The import ban was announced Sunday, the same day Mexican avocado growers and packers aired the latest in nearly a decade of Super Bowl commercials that aim to seal guacamole as a tradition on NFL’s biggest day.
You may already have sliced avocados from your shopping list, though.
Avocados have doubled in price in the past year, David Magaña, a senior analyst for RaboResearch Food & Agribusiness, told The Post.
Consumers are gobbling up what’s left in grocery stores and markets. At the current buying pace, the inventory of avocados will be depleted in a matter of days, and that will likely drive prices higher, Lopez told The Post.
A few more avocados from Mexico could still trickle into the United States if they were inspected and certified for export on or before Feb. 11, The Post reported.
The exports were suspended indefinitely.

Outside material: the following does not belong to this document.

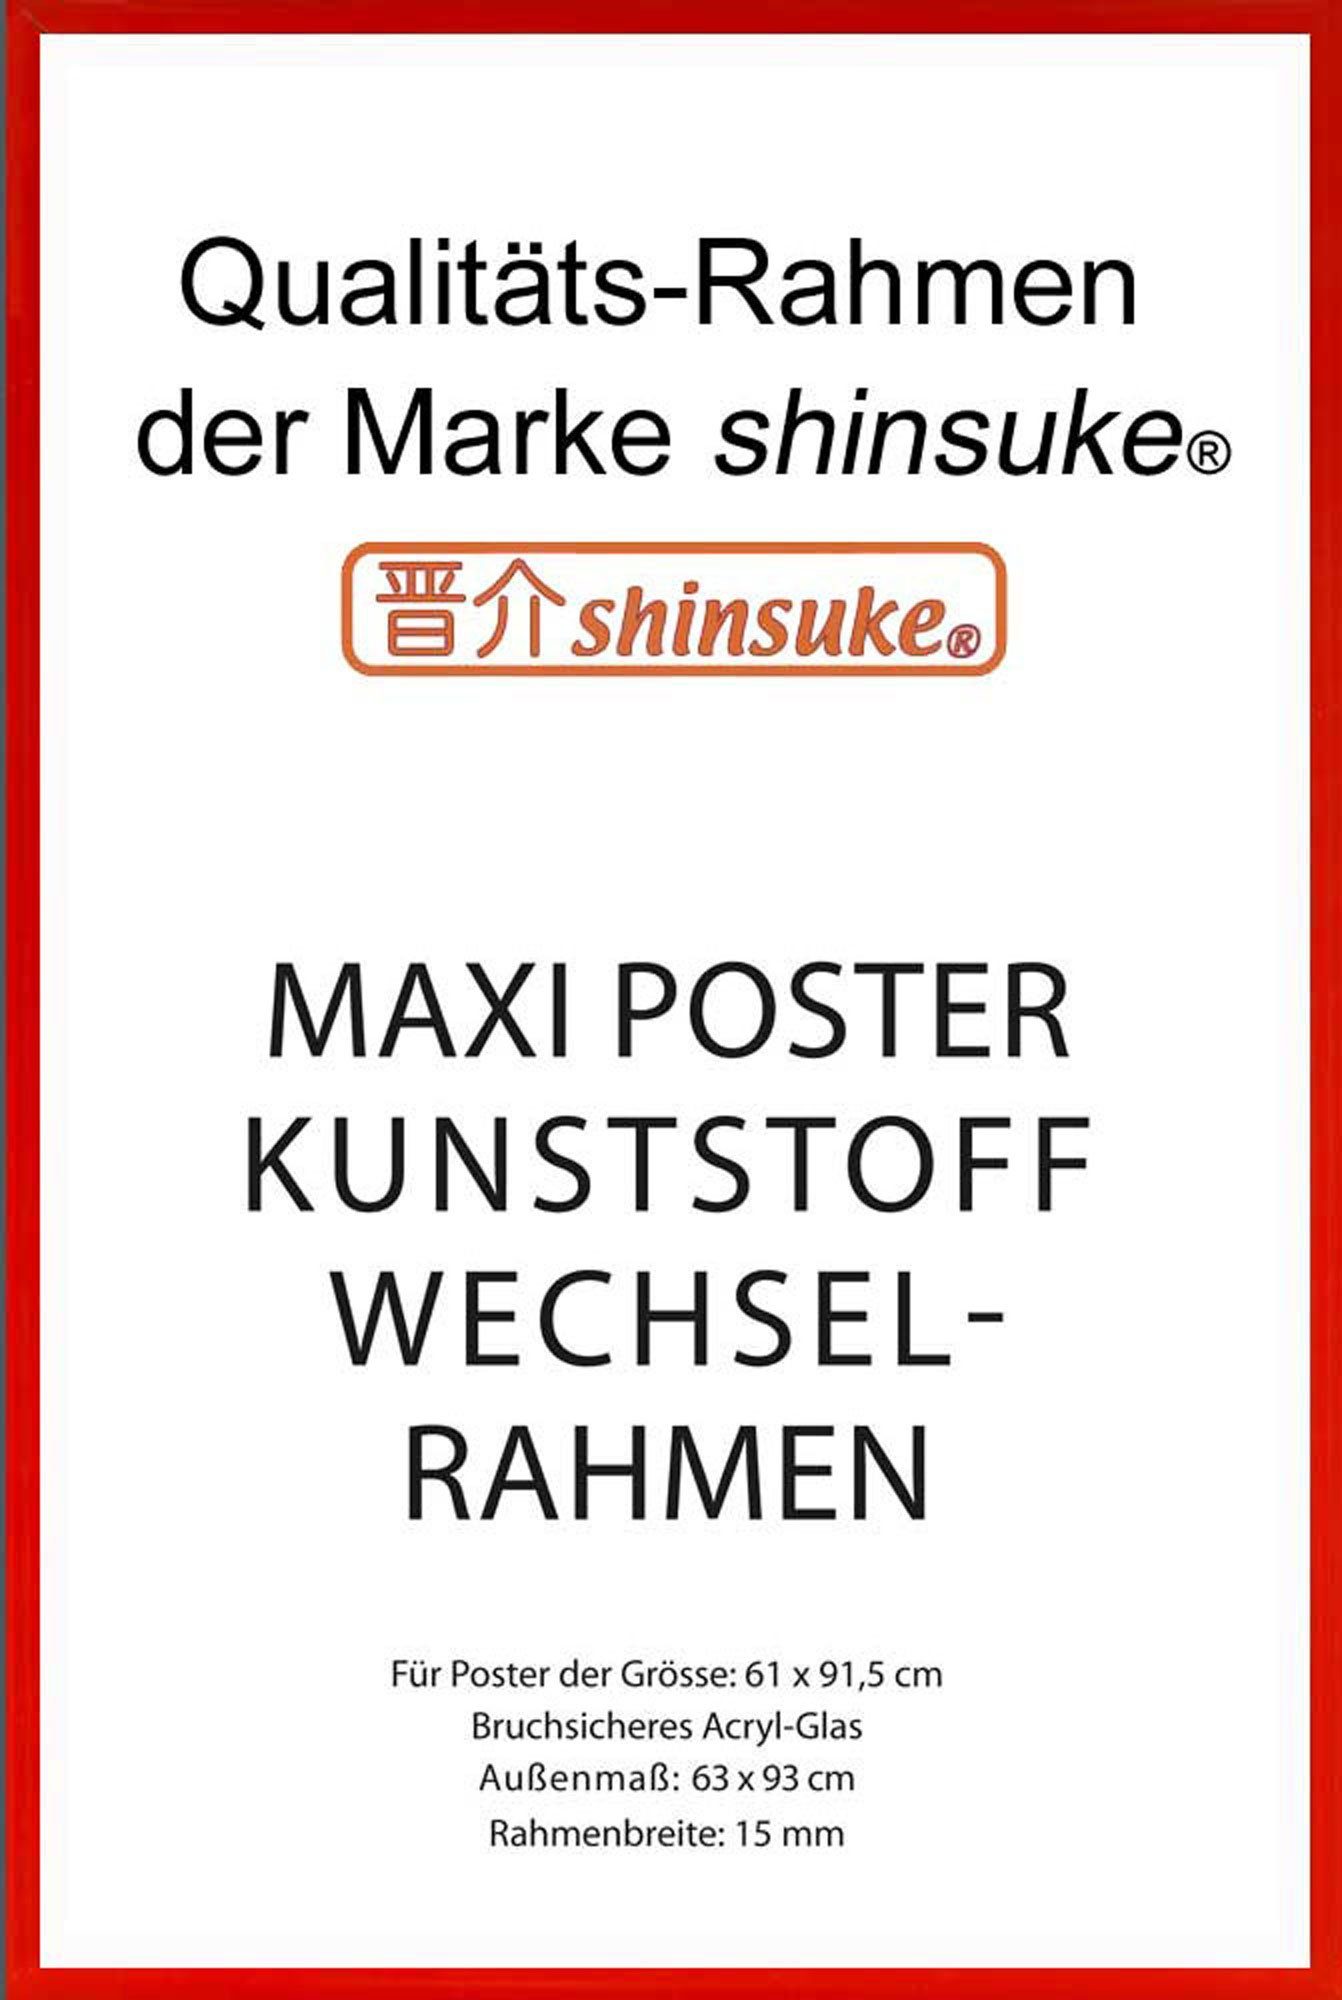 61x91,5cm, Maxi-Poster Rahmen mit Kunststoff empireposter Acryl-Scheibe Profil: Farbe rot Wechselrahmen 15mm Posterrahmen Shinsuke®
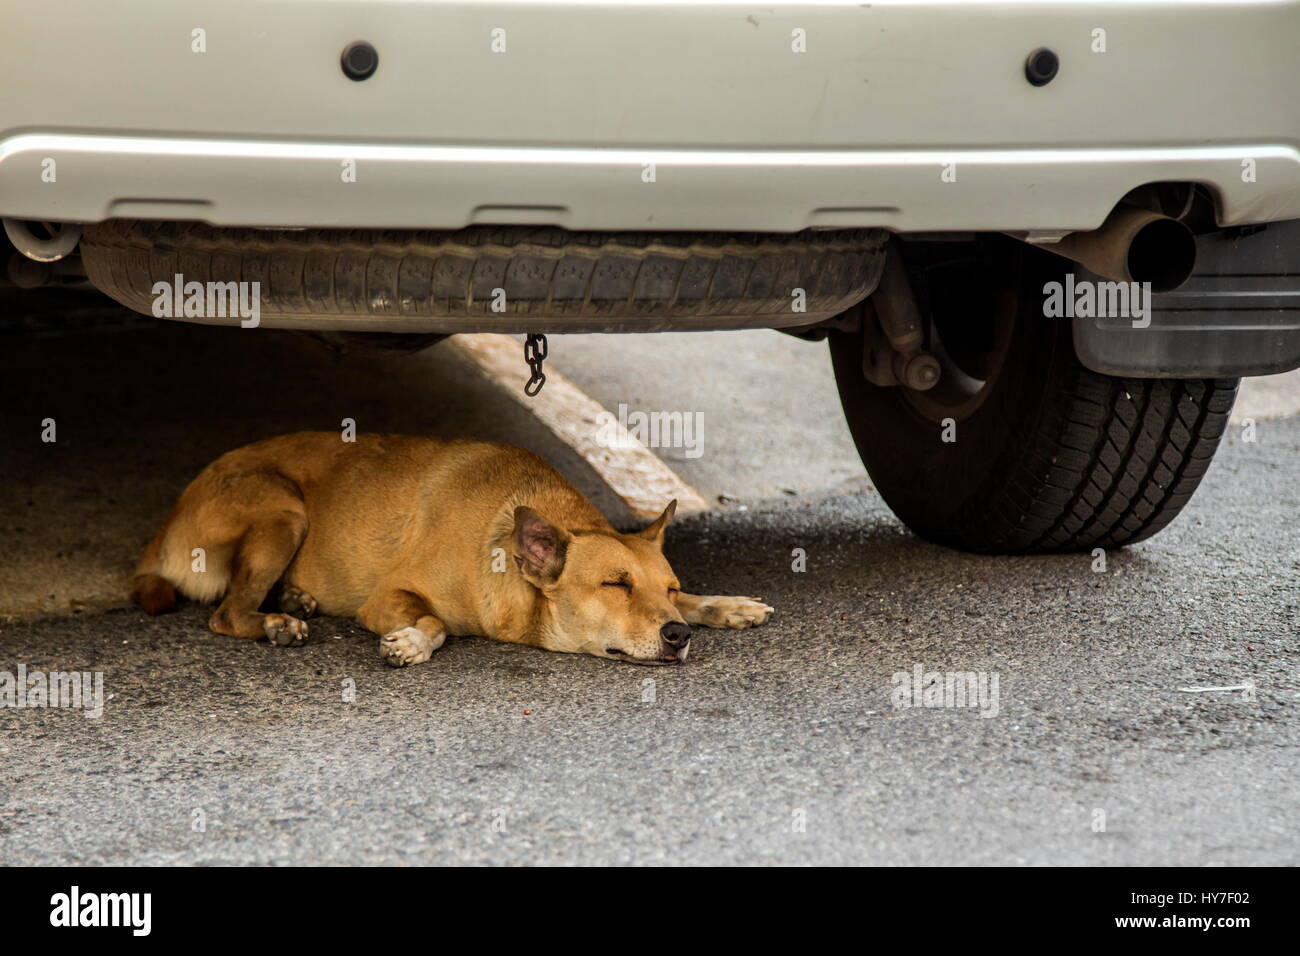 Sleeping brown dog under the SUV car Stock Photo

It’s unclear if the ban will be lifted before the next big avocado holiday, Cinco de Mayo on May 5.
“Cinco de Mayo is going to be impacted heavily,” Martha Montoya, chief executive of Agtools, told The Post. “We have six weeks to be shipping product for the celebration.”
The Mexican state of Jalisco received authorization in December to begin exporting avocados to the United States, but they will be available in limited quantities and won’t begin arriving until late spring or early summer, Montoya said.